High-quality data is equally important. Ensure data structures are well-organized, with meaningful column names instead of coded values. Flatten nested event data where possible. This structure makes it easier for the agent to locate and monitor the relevant information effectively.

Evaluation of operations agents

Evaluation methods

The operations agent platform uses a rigorous, multistage process to evaluate accuracy, safety, and continuous improvement. At its core is a three-stage cycle: trace > iterate > evaluate. This cycle starts by implementing telemetry to monitor the agent's decision-making processes, including planning, ontology formation, data grounding, rule generation, and execution. Evaluation datasets come from real-world use cases and synthetic data that introduces variability. You measure metrics such as accuracy, convergence, failure rates, and safety throughout the agent's lifecycle, from development to production.

The evaluation environment mirrors production conditions and emphasizes separation between development and evaluation pipelines to avoid bias. You manually curate initial datasets and define expected ontologies and outputs in advance. Later, you scale these datasets by using synthetic generation. The datasets focus on operational goals relevant to business monitoring and decision-making. While they represent real-world scenarios, they don't yet include broader user populations or dynamic goal configurations. This approach keeps evaluations focused, reproducible, and aligned with responsible AI principles.

Evaluation results

Our evaluation processes use a structured trace > iterate > evaluate methodology. We embed evaluations at each stage of the agent's decision-making loops. These evaluations confirmed that the agent consistently produces accurate ontologies, generates valid and relevant queries, and selects appropriate actions aligned with user goals. These results support the system's alignment with accountability goals, particularly in ensuring that it performs as expected in real-world operational contexts.

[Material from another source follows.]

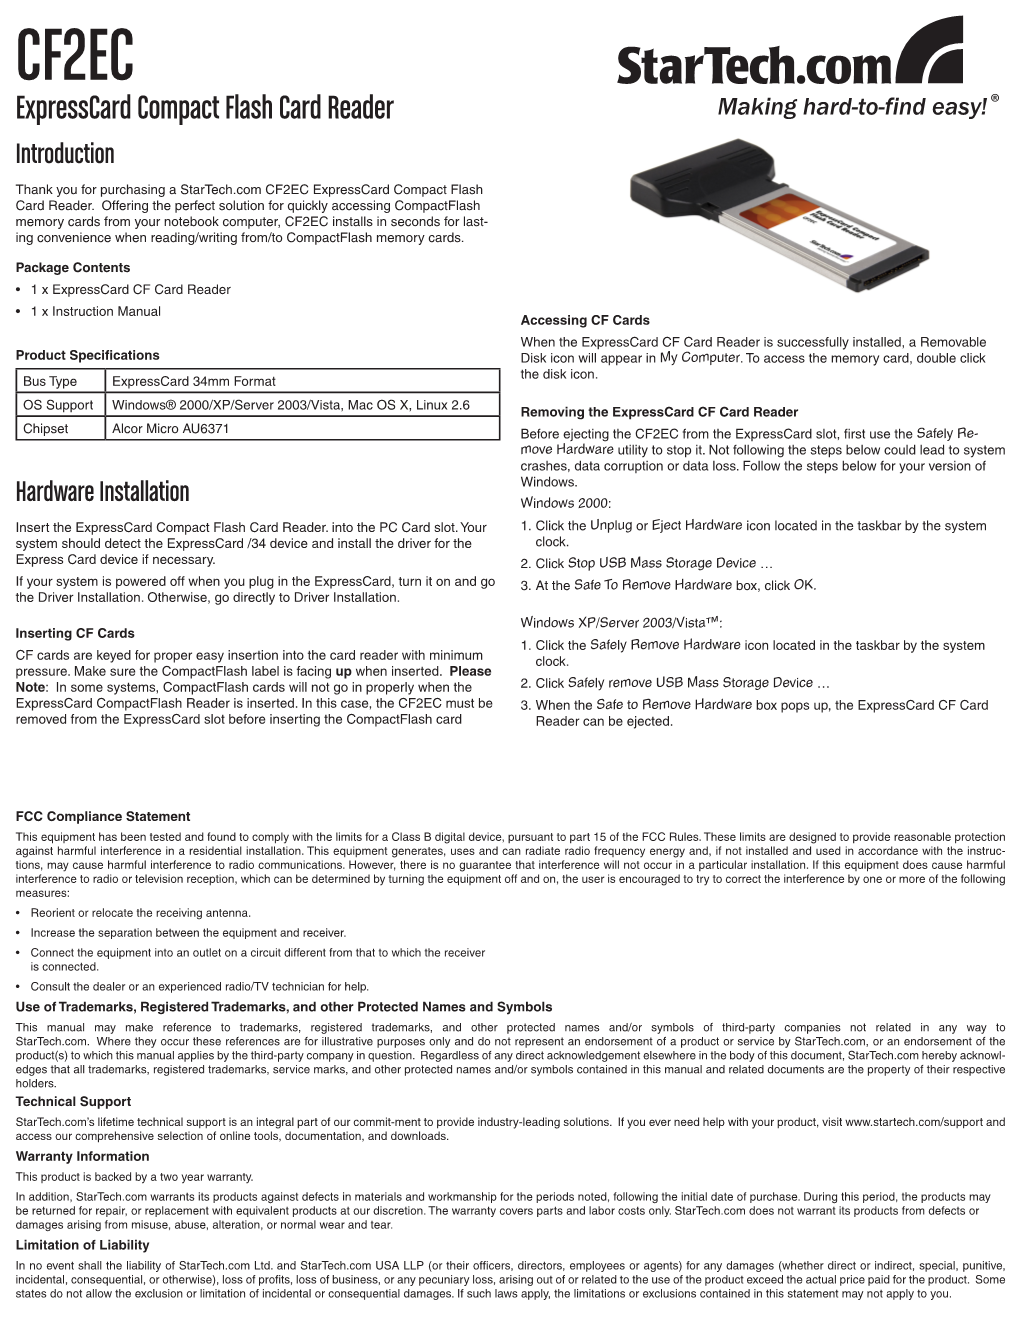 Expresscard Compact Flash Card Reader Introduction

The training and test datasets used in the evaluation were carefully curated to reflect a broad range of operational scenarios. You manually constructed initial datasets from real-world use cases, with clearly defined expected outputs, including ontologies and query results. Later, you expanded these datasets by using synthetic generation to increase variability and coverage. You designed the datasets to represent the types of goals and data environments the agent is expected to encounter, including variations in schema complexity, data availability, and user intent. This approach ensured that the evaluation captured a representative range of operational factors and settings, supporting responsible system development and deployment.

Evaluation results influenced several key design constraints in the system. For example, we introduced limits on maximum query size and minimum ontology complexity to ensure consistent performance and reduce failure rates. While the results are broadly applicable to many operational monitoring and decision-support scenarios, the initial evaluation didn't include some areas, such as dynamic goal reconfiguration and multi-agent collaboration. These areas represent opportunities for future testing and development.

Evaluating and integrating operations agents for your use

An agent's behavior is shaped by the instructions, goals, data, and actions you provide. Precise prompts and clean, well-organized data with intuitive column names improve accuracy and reduce errors.

After you configure the agent, validate the agent's behavioral models and rules by reviewing KQL queries to ensure alignment with business processes. While rule-based conditions trigger the agent, its LLM-generated recommendations might contain inaccuracies, so always review outputs before acting.

Highly responsive agents can lead to excessive notifications or overuse of automated actions, potentially causing system instability. To mitigate risks, adjust rules, conduct regular audits, simulate edge cases, and design interfaces that promote transparency. For example, show confidence scores and clear explanations for recommendations.